Мор Йокаи - Золотой человек
Среди негоциантов редки самоубийства из-за несчастной любви. Деловые заботы оказывают благотворное воздействие на человеческий организм, оттягивая кровь от головы и сердца к ногам.
Тимар взялся за письма, накопившиеся под пресс-папье в виде бронзового дракона. Управляющий обычно складывал здесь такие бумаги, которые требовали личного ознакомления или вмешательства Тимара. Некоторые письма в поисках адресата пропутешествовали через Байю, Леветинц, Вену, Триест и возвратились в комаромскую резиденцию, яснее ясного доказывая, что Тимар за минувшие полгода не появлялся ни в одном из этих мест.

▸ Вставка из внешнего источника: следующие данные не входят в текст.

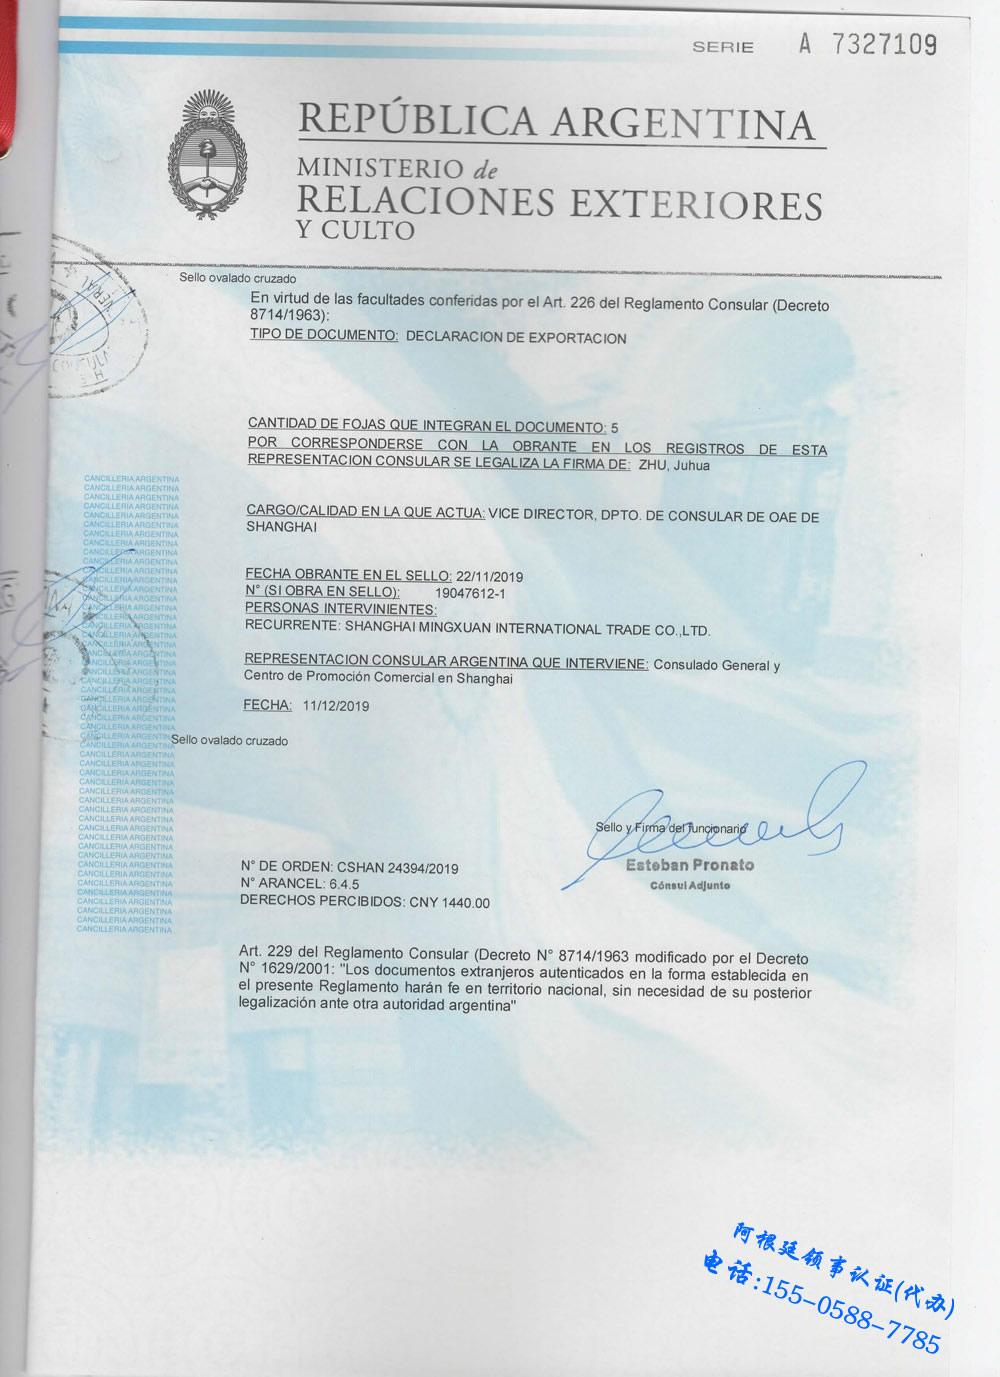 阿根廷领事认证

Если бы не честные люди вокруг, его ничего не стоило бы обокрасть и обмануть по всем статьям. На некоторых письмах стояли пометки рукою Тимеи о том, что ею отданы распоряжения по этому делу.
Вновь Тимея!
Михай вскрывал деловые письма одно за другим. Все они содержали добрые вести. Ему вспомнился Поликрат, которому настолько везет, что под конец он страшится собственной удачи.
Богатство Тимара неуклонно растет. Накопившийся капитал лежит мертвым грузом. Различные благотворительные деяния не исчерпывают прибыли, обильной сверх всяких ожиданий.
За что бы он ни взялся, все завершается удачей. Любое предприятие, которому он дает свое имя, приносит золото. Чистый бумажный листок становится ценной бумагой, если на нем оттиснут знак фирмы Леветинцского.
Каков же фундамент этого неслыханного успеха? Тайна, которой никто, кроме него, не знает.
Кто видел, как из кожаного мешочка сыплются на корабельную койку сокровища Али Чорбаджи? Он один - и красный полумесяц, а это надежный сообщник, ему и не такое доводилось видеть.
Стало быть, таков краеугольный камень мирового порядка: покуда содеянное преступление не выплывет на свет божий, оно лишь приумножает славу и добродетели преступника.
Но ведь такого не бывает!
Человек, тонкий по натуре и склонный к рефлексии, Михай предвидел, что этому чрезмерному везенью, построенному на гнилой основе, должен прийти конец, ибо таков порядок вещей! И он с радостью расплатился бы половиной, да что там - всем своим состоянием, лишь бы знать, что на этом его счеты с судьбой покончены. Но он чувствовал, что ниспосланная ему кара именно в том и заключается, что все его богатство, власть, видимость семейного счастья - не более чем ирония судьбы. Он надежно погребен под этими благами, ему уже не восстать, не воспрянуть к единственно счастливой жизни - с Ноэми и маленьким Доди. Лишь после смерти первого малыша он понял, как много значил для него ребенок. С появлением на свет второго мальчика это чувство лишь укрепилось в нем. И он лишен права обладания этими главными сокровищами своей жизни. Да, он погребен под грудой золота и бессилен высвободиться. В здравом уме и трезвой памяти он видит ту же картину, какая рисовалась ему в тифозном бреду: погребенный заживо, он лежит в могиле, доверху засыпанной золотом; в головах на могиле установлена мраморная скрижаль, прославляющая его деяния, а на мраморной плите - алебастровая статуя, которую не сдвинешь с места: Тимея. Нищенка с малым ребенком робко подходит к могиле нарвать цветов тимьяна: это Ноэми. Погребенный заживо силится воскликнуть: "Дай руку, Ноэми, вытащи меня из этой золотой могилы!" - но голоса не хватает.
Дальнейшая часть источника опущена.